AA: It is. I would also like to point out that it’s important to make sure the model is accessible, because you can be transparent but not accessible. I can publish a very complex piece of software code that no one understands and claim that it is open source, you know. But if people don’t understand it, if people can’t interact with it, if people cannot easily point out what’s wrong with it, then it’s not that accessible; so, I think transparency is required but not necessarily enough. You also need to make it easy to understand and easy to interact with.
SH: What’s the end goal of that cluster of virtues, like transparency, accessibility and interpretability? What are we trying to achieve with those things?
AA: I think we put a lot of effort into research and it’s sad when you see there’s so much research waste. A lot of work, a lot of financial resources, a lot of human capital, goes into doing all this research. If we can prevent research waste, prevent things that do not end up being used, and if we can make it more efficient to improve upon what we already have, I think that’s a great outcome.
SH: Why does some research get wasted and some become very useful?
AA: I think part of the problem is that the short-term incentives for academics are not necessarily always aligned with the long-term goals of the science. So that, for example, leads to this explosion of clinical prediction models. Sometimes we have very complex clinical prediction models that don’t perform as good as an incredibly simple one and I understand why that happens. A lot of times it’s because it’s easier to get funding for that kind of project, like that kind of project gets better news coverage, and there’s a lot of hype around it.
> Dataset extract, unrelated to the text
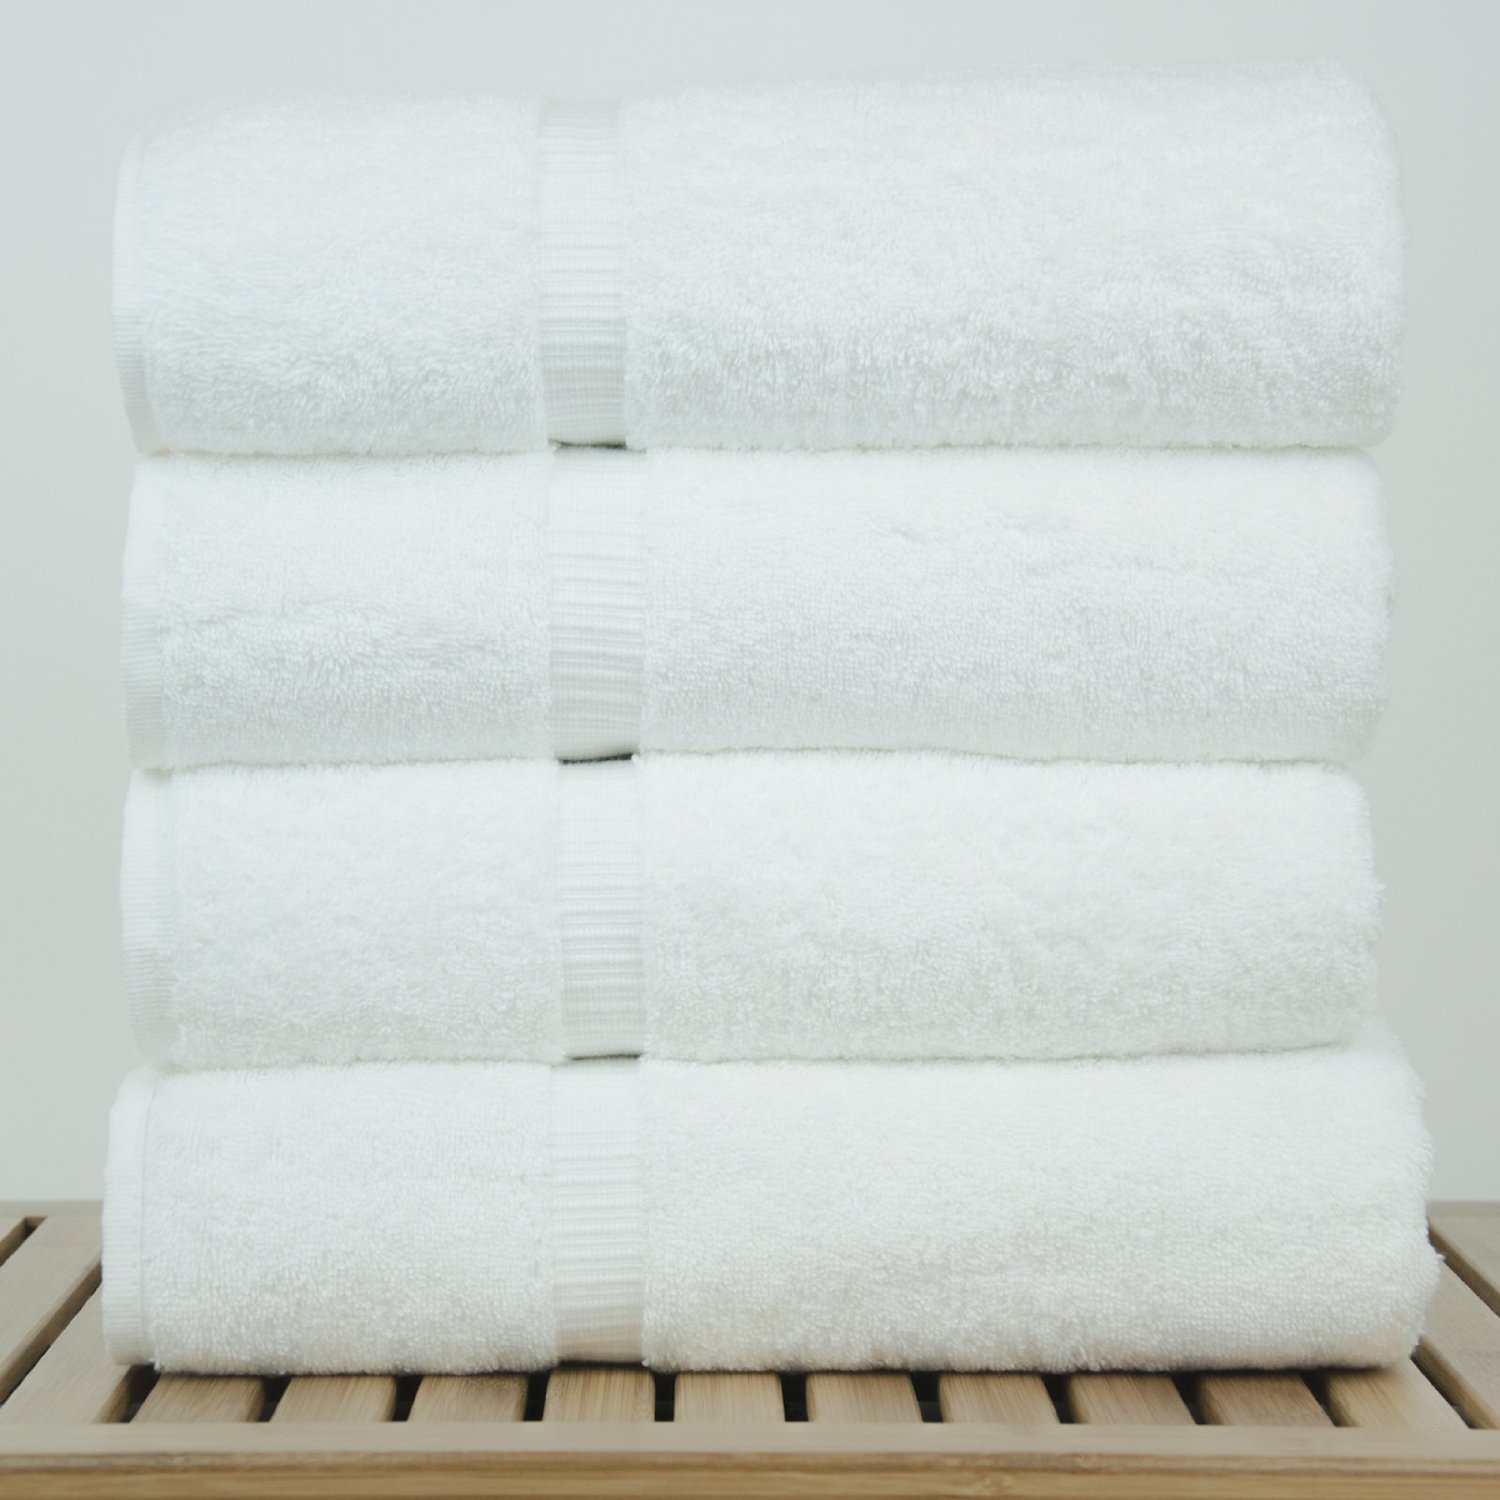 27"x54" - 17 lbs/doz - %100 Turkish Cotton White Bath Towel - Dobby Border-Robemart.com
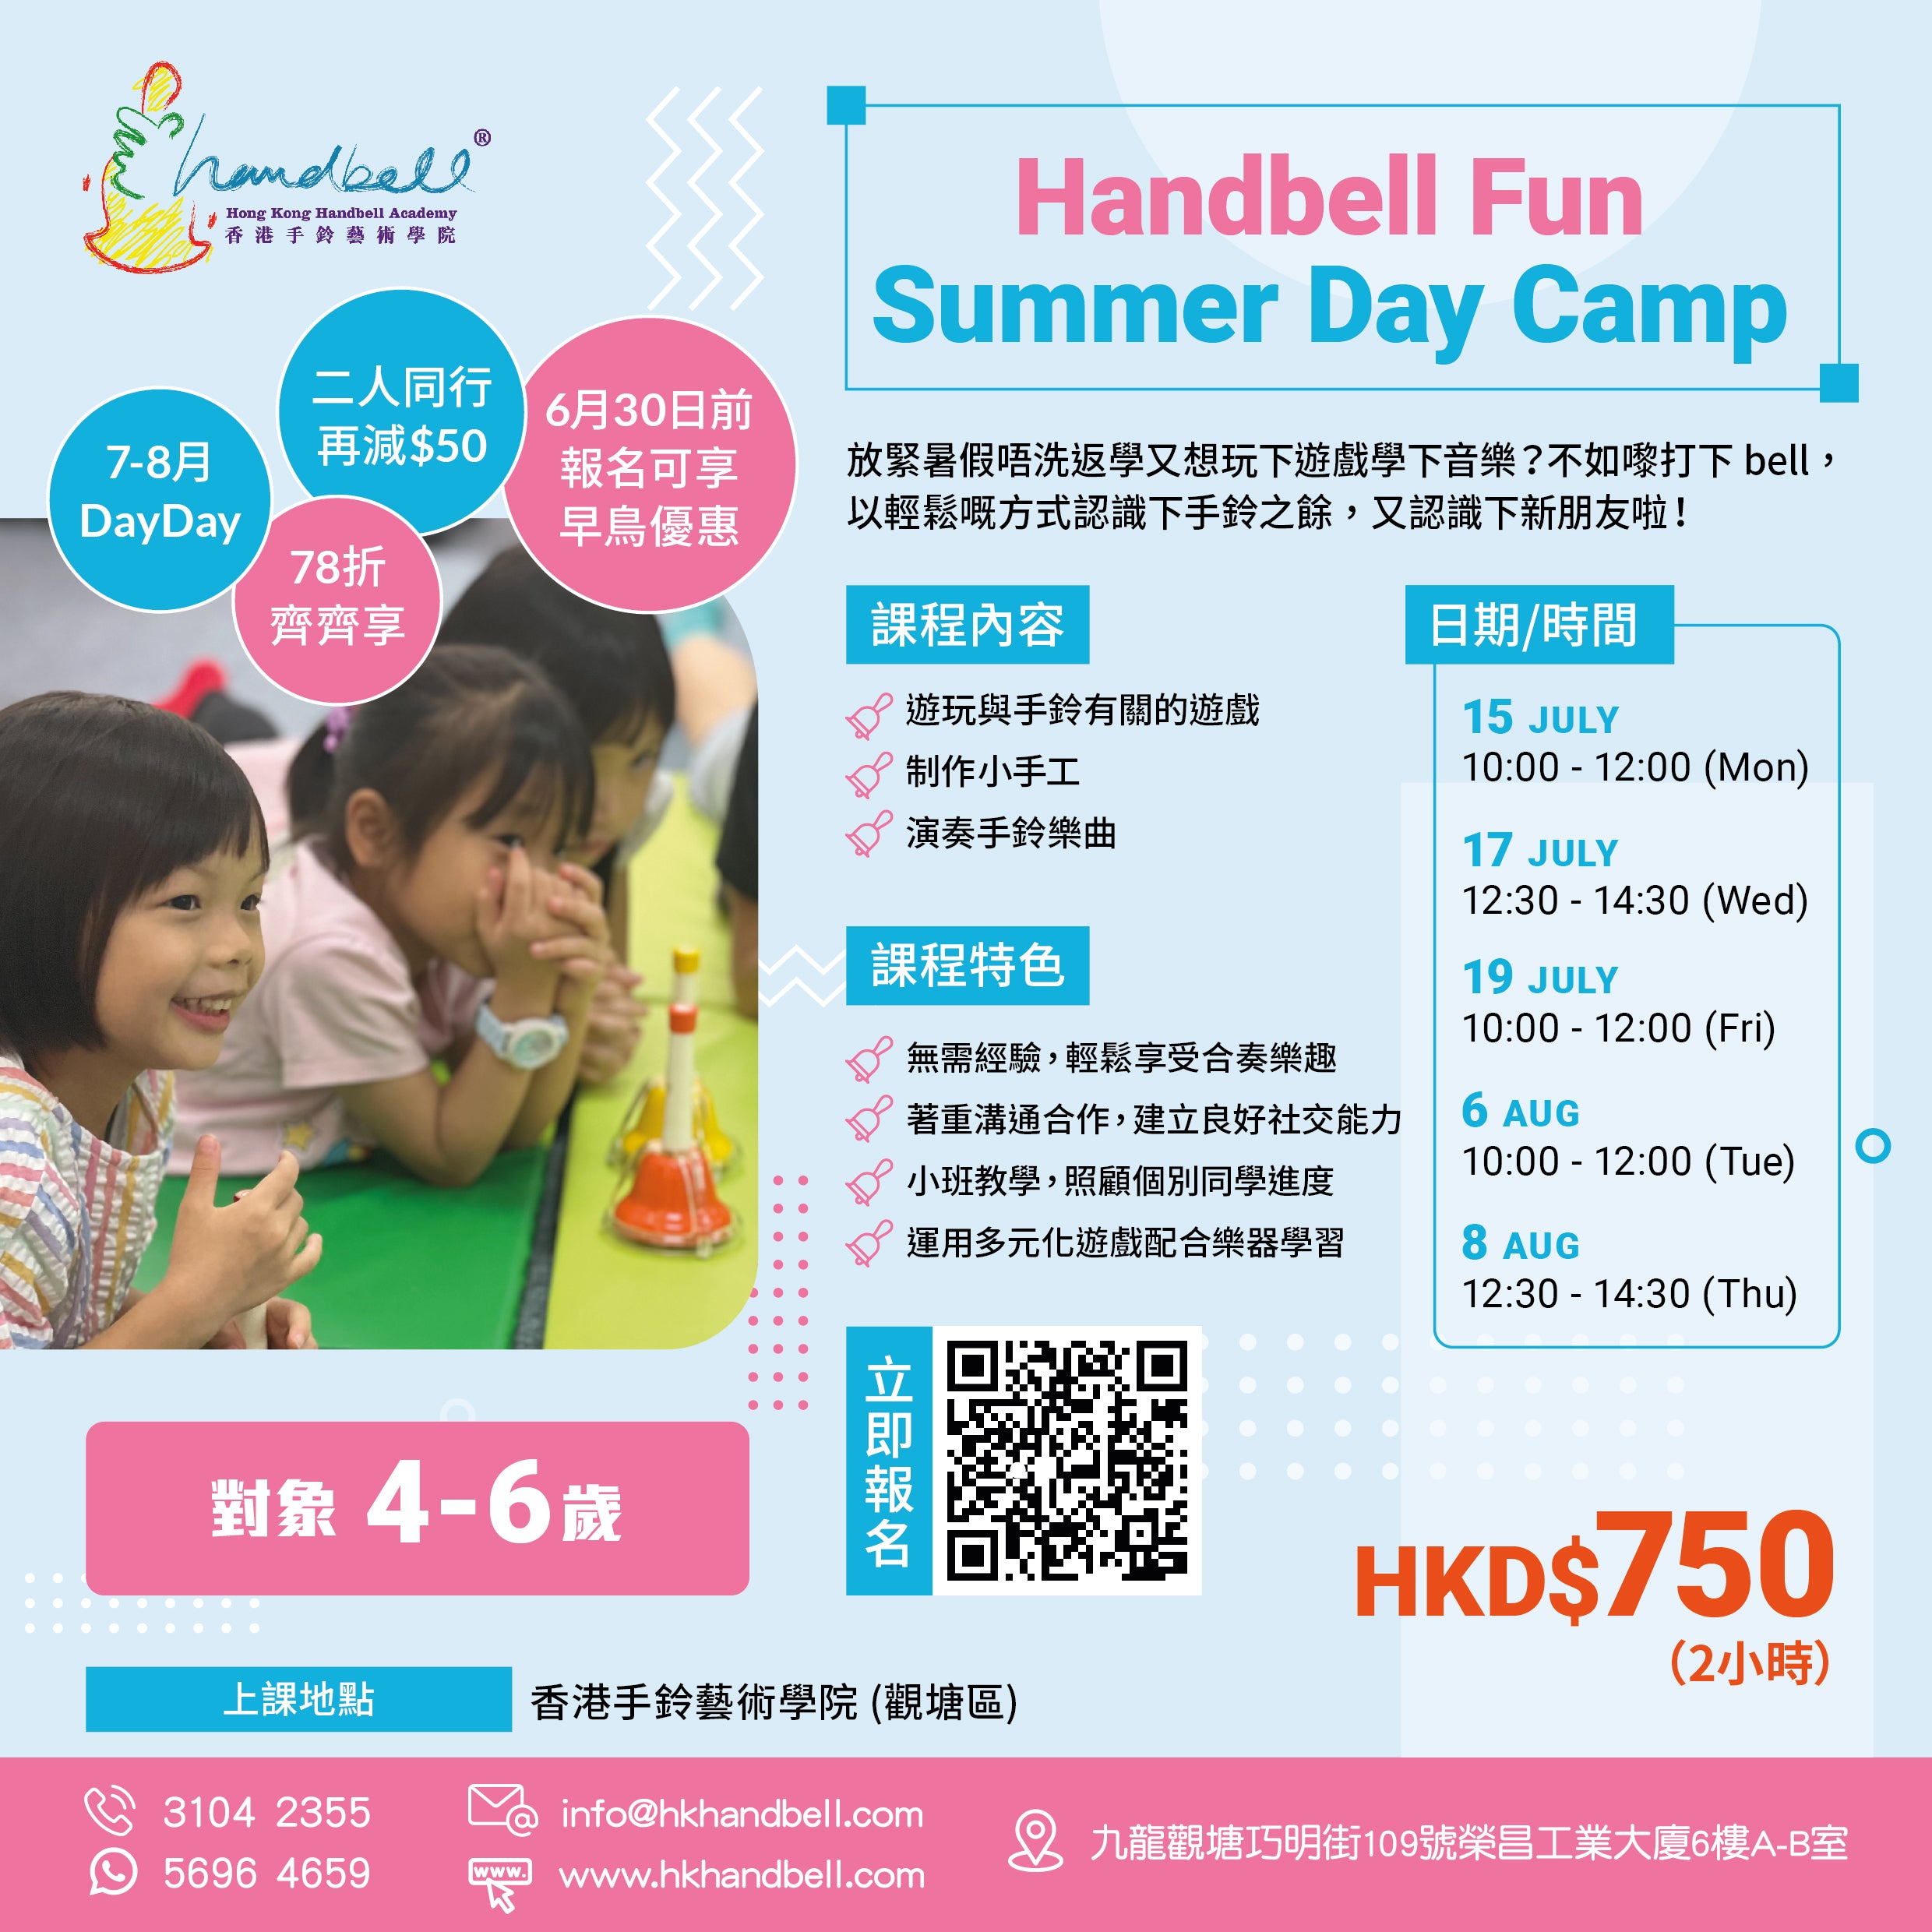 Handbell Fun Summer Day Camp

So, I think what we’re trying to do here is to develop some tools and best practices that make it easier to do good research and contribute to a better outcome for everyone. As a modeller, my goal is to contribute to improved care. Sometimes this could mean picking up a model that is performing well in validations; other times it means getting rid of a model that is not improving care. Either way, we need to know how well a model performs, right? And I think Peer Models Network makes it easier for people to critique models – to show which models work, which models don’t work – and opens models [up] to a wider community that did not previously have easy access to models. This could be patients, advocacy groups, journalists, policymakers, or any curious citizen really.
I would love to see someone who comes from a different background – not from this community of modellers, not bound by our shared ideas of how to make these models – take a look at it with a different angle, with a different perspective, and criticize it for something that we never even thought of. I think a lot of benefits can come from opening up your models to the entire world.